# Supplied information
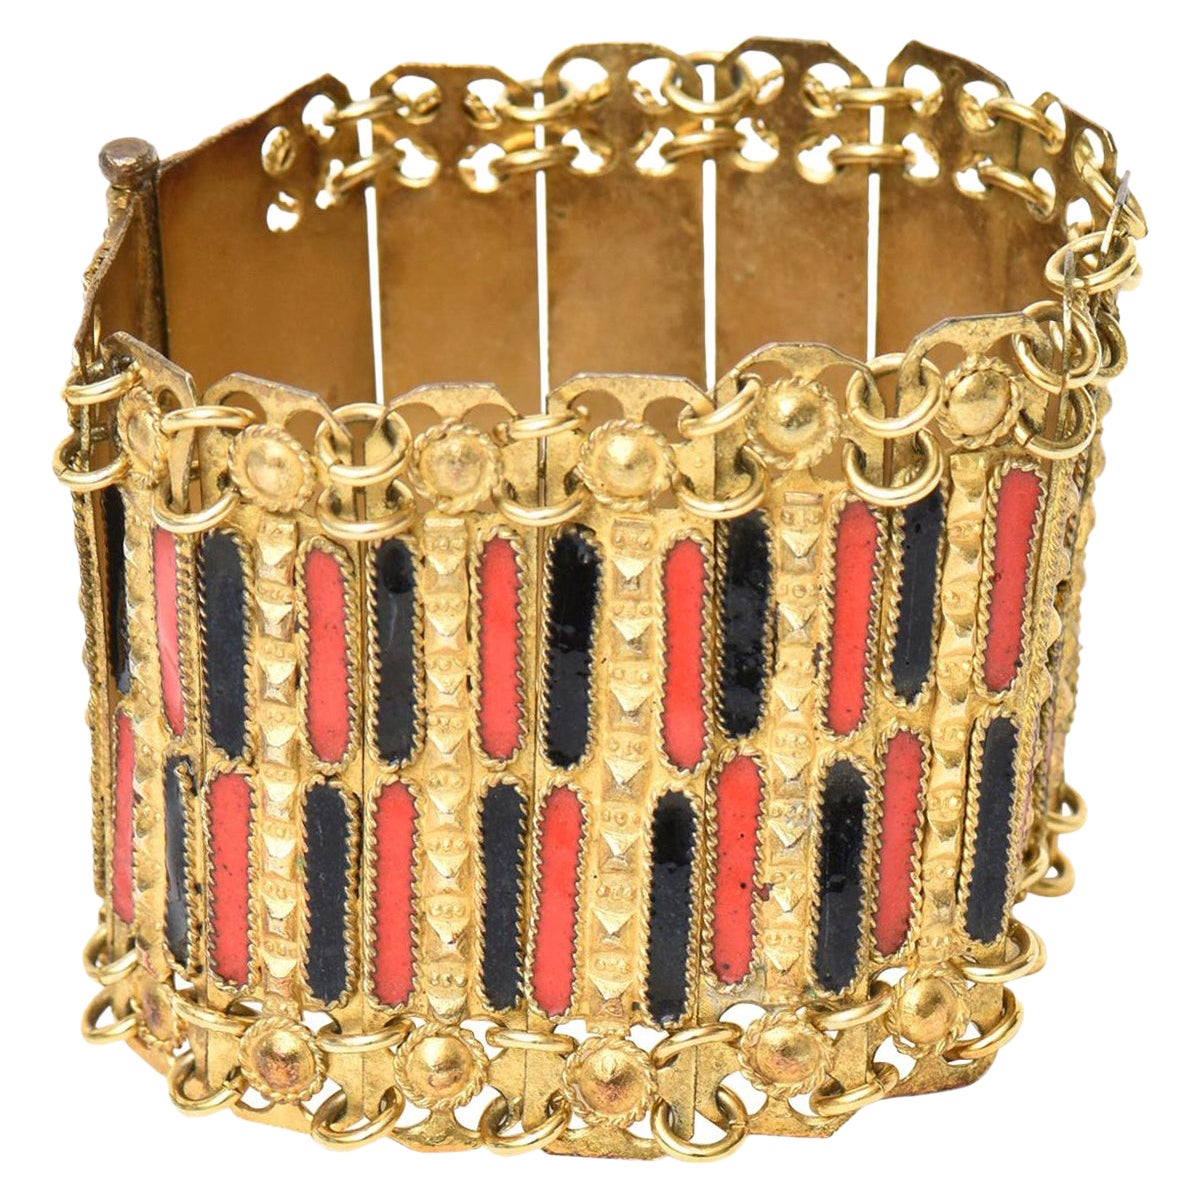  Vintage Grecian Gold Plated Metal With Red And Black Enamel Cuff Bracelet For Sale
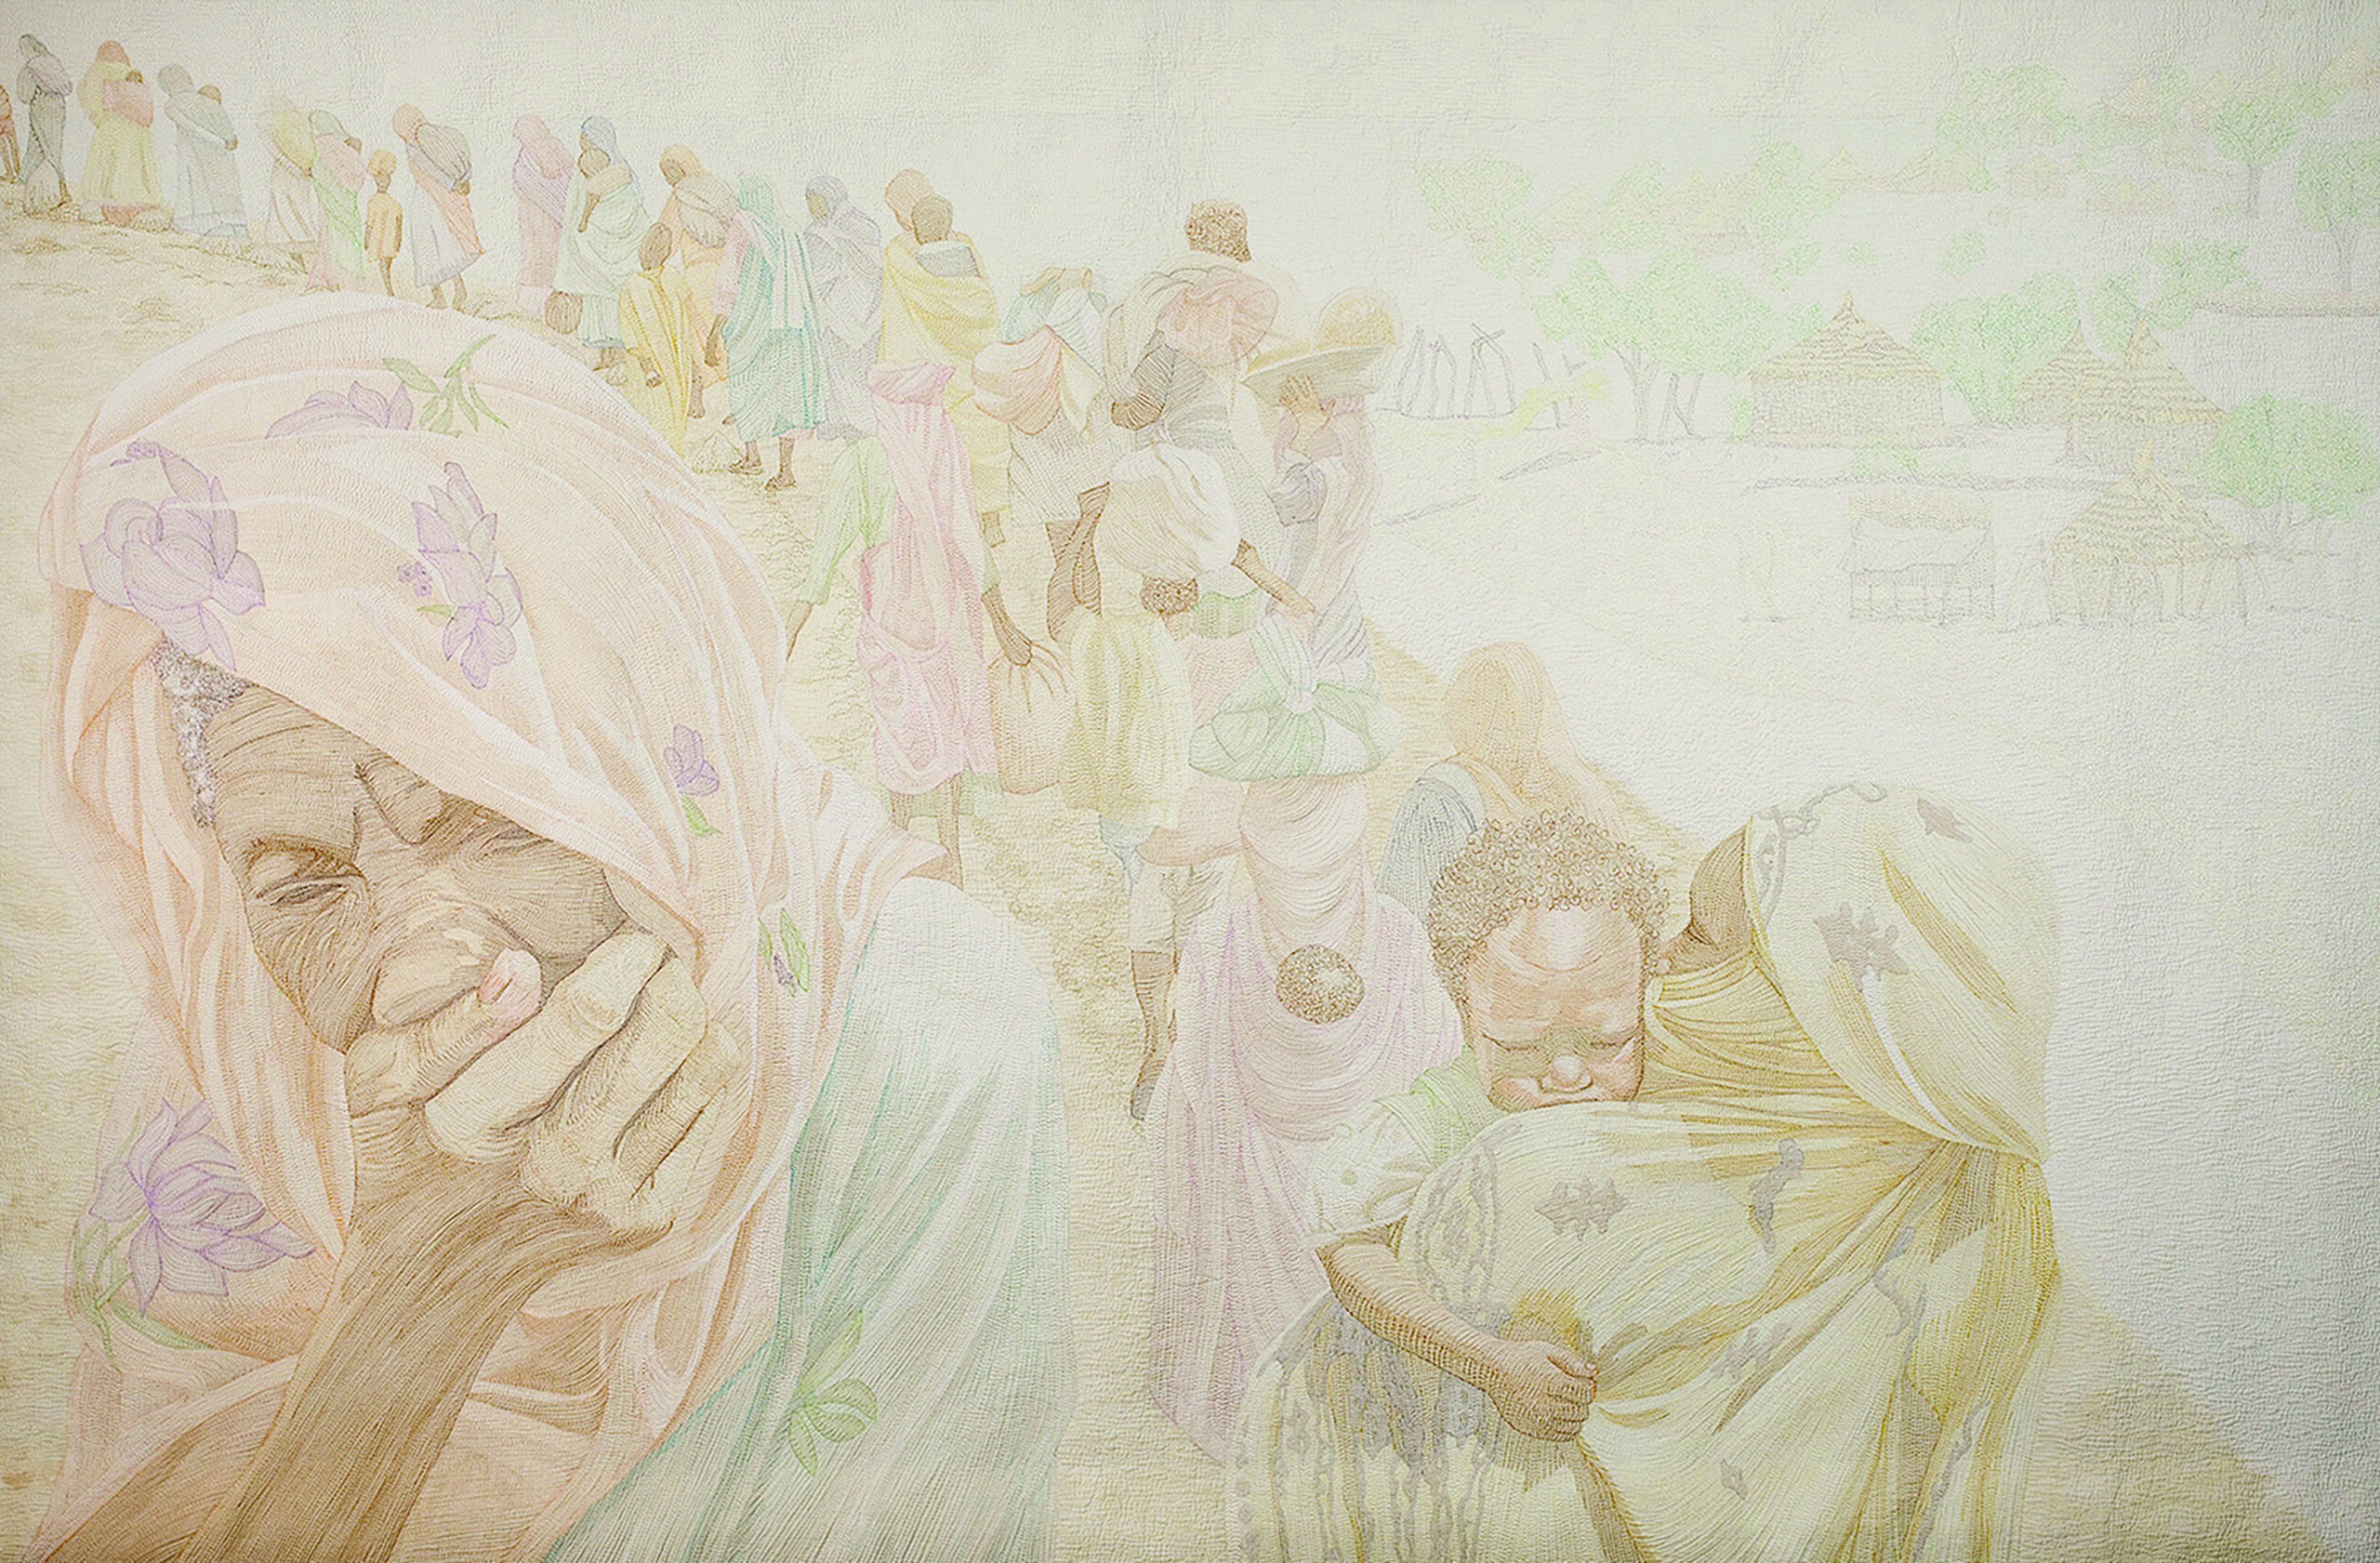 A quilted artwork in warm, muted colors depicting a long line of Black adults and children dressed in colorful clothes fleeing their homes. In the foreground, an older woman covers her mouth and closes her eyes with emotion.
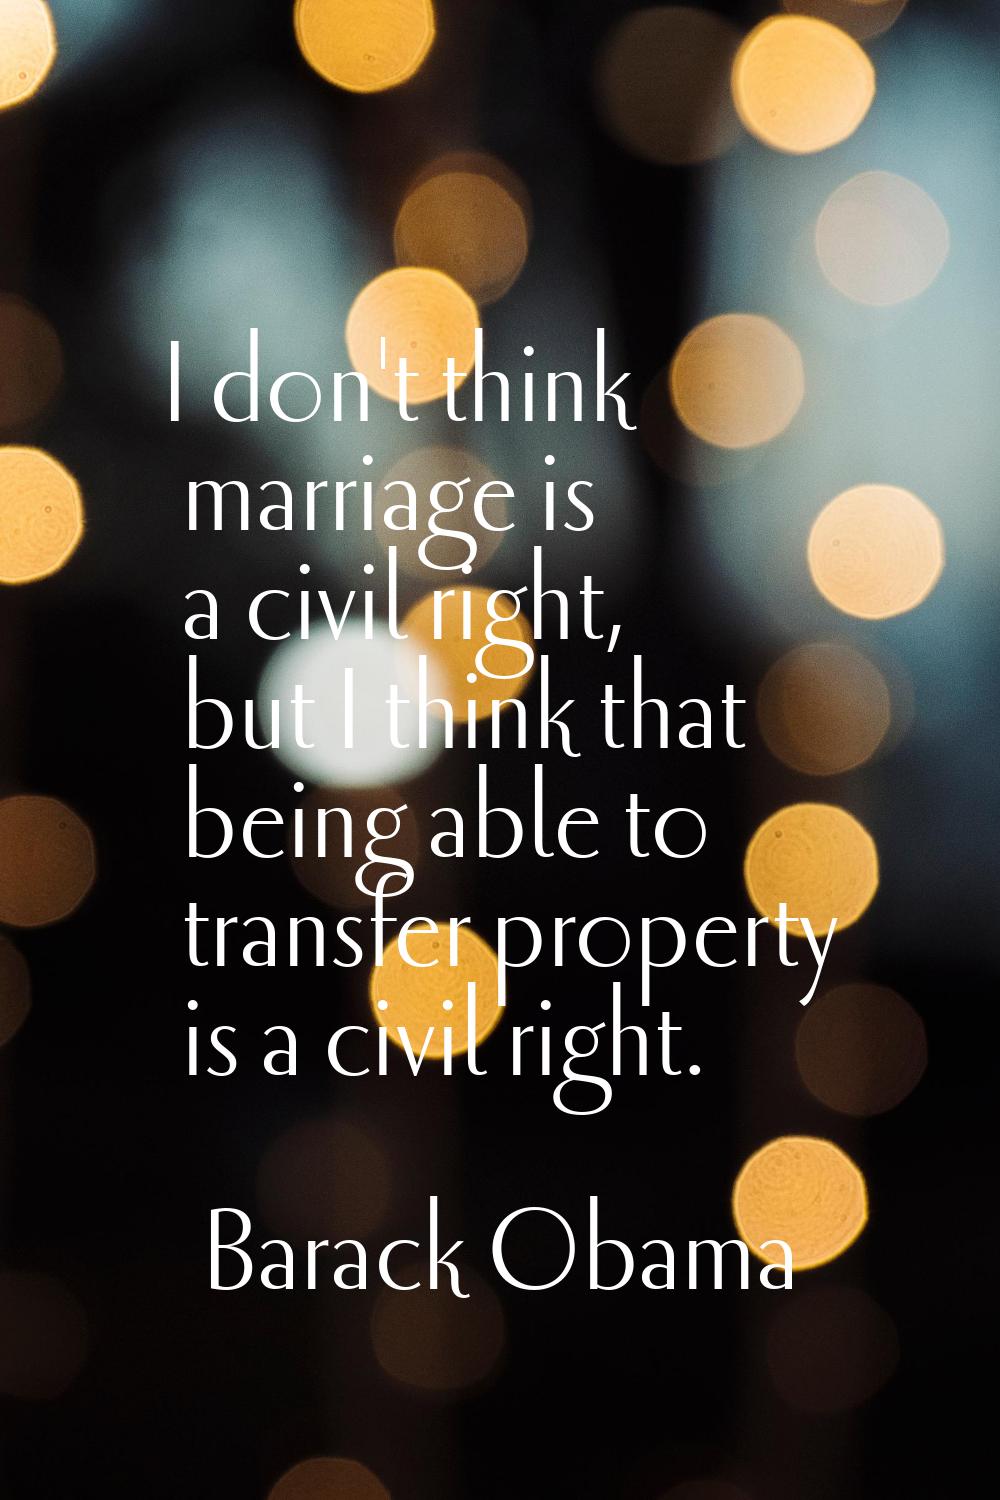 I don't think marriage is a civil right, but I think that being able to transfer property is a civi
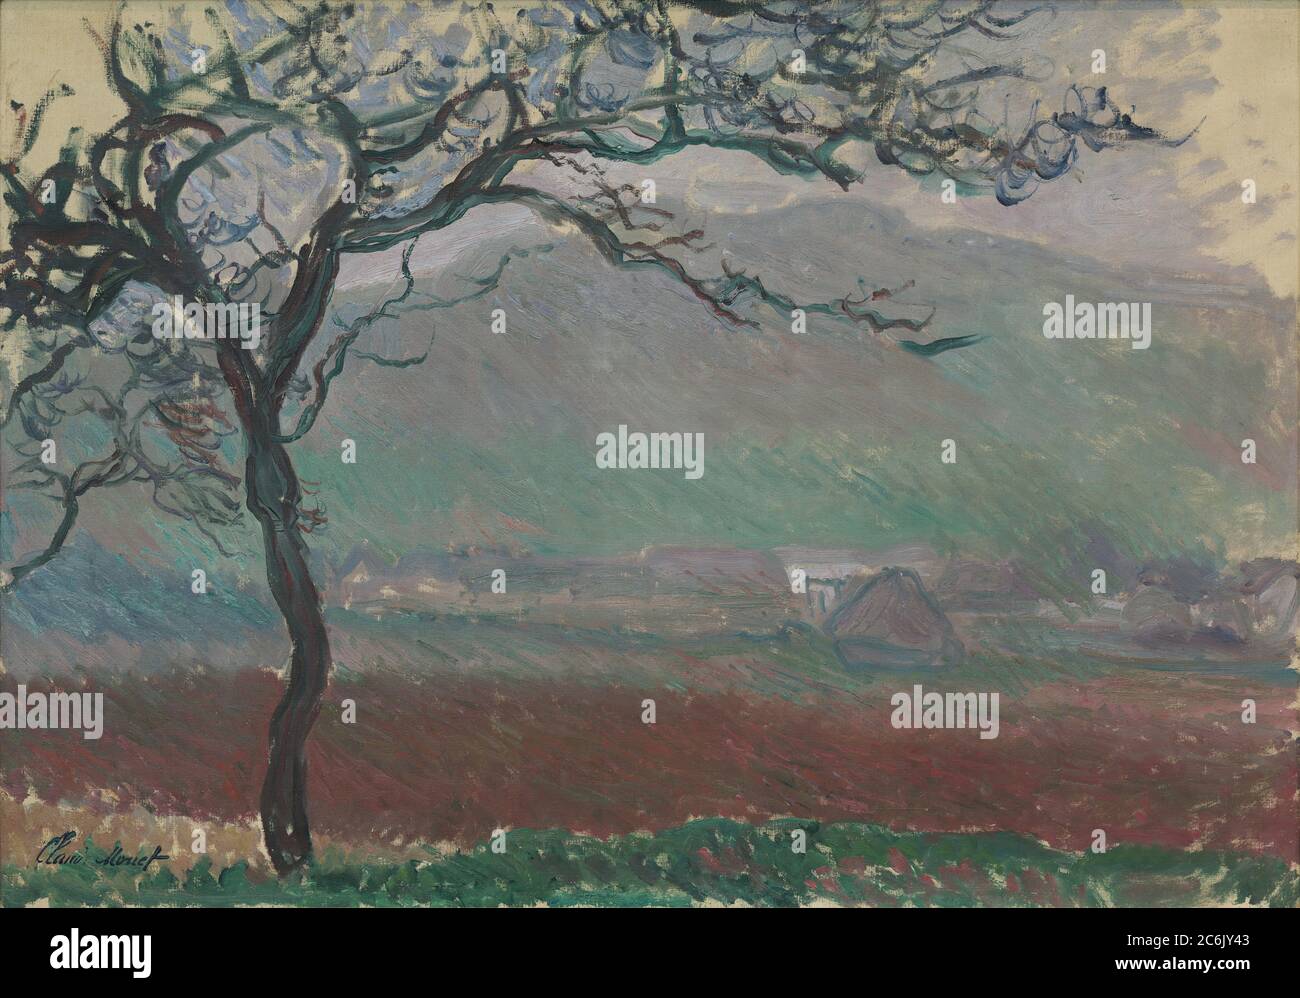 Oil painting from the famous master impressionist painter Claude Monet. Stock Photo

# What to work on
The material above should be printed again exactly, with each picture left out.

# Output of the task
  Vintage Grecian Gold Plated Metal With Red And Black Enamel Cuff Bracelet For Sale
 A quilted artwork in warm, muted colors depicting a long line of Black adults and children dressed in colorful clothes fleeing their homes. In the foreground, an older woman covers her mouth and closes her eyes with emotion.
 I don't think marriage is a civil right, but I think that being able to transfer property is a civi
 Oil painting from the famous master impressionist painter Claude Monet. Stock Photo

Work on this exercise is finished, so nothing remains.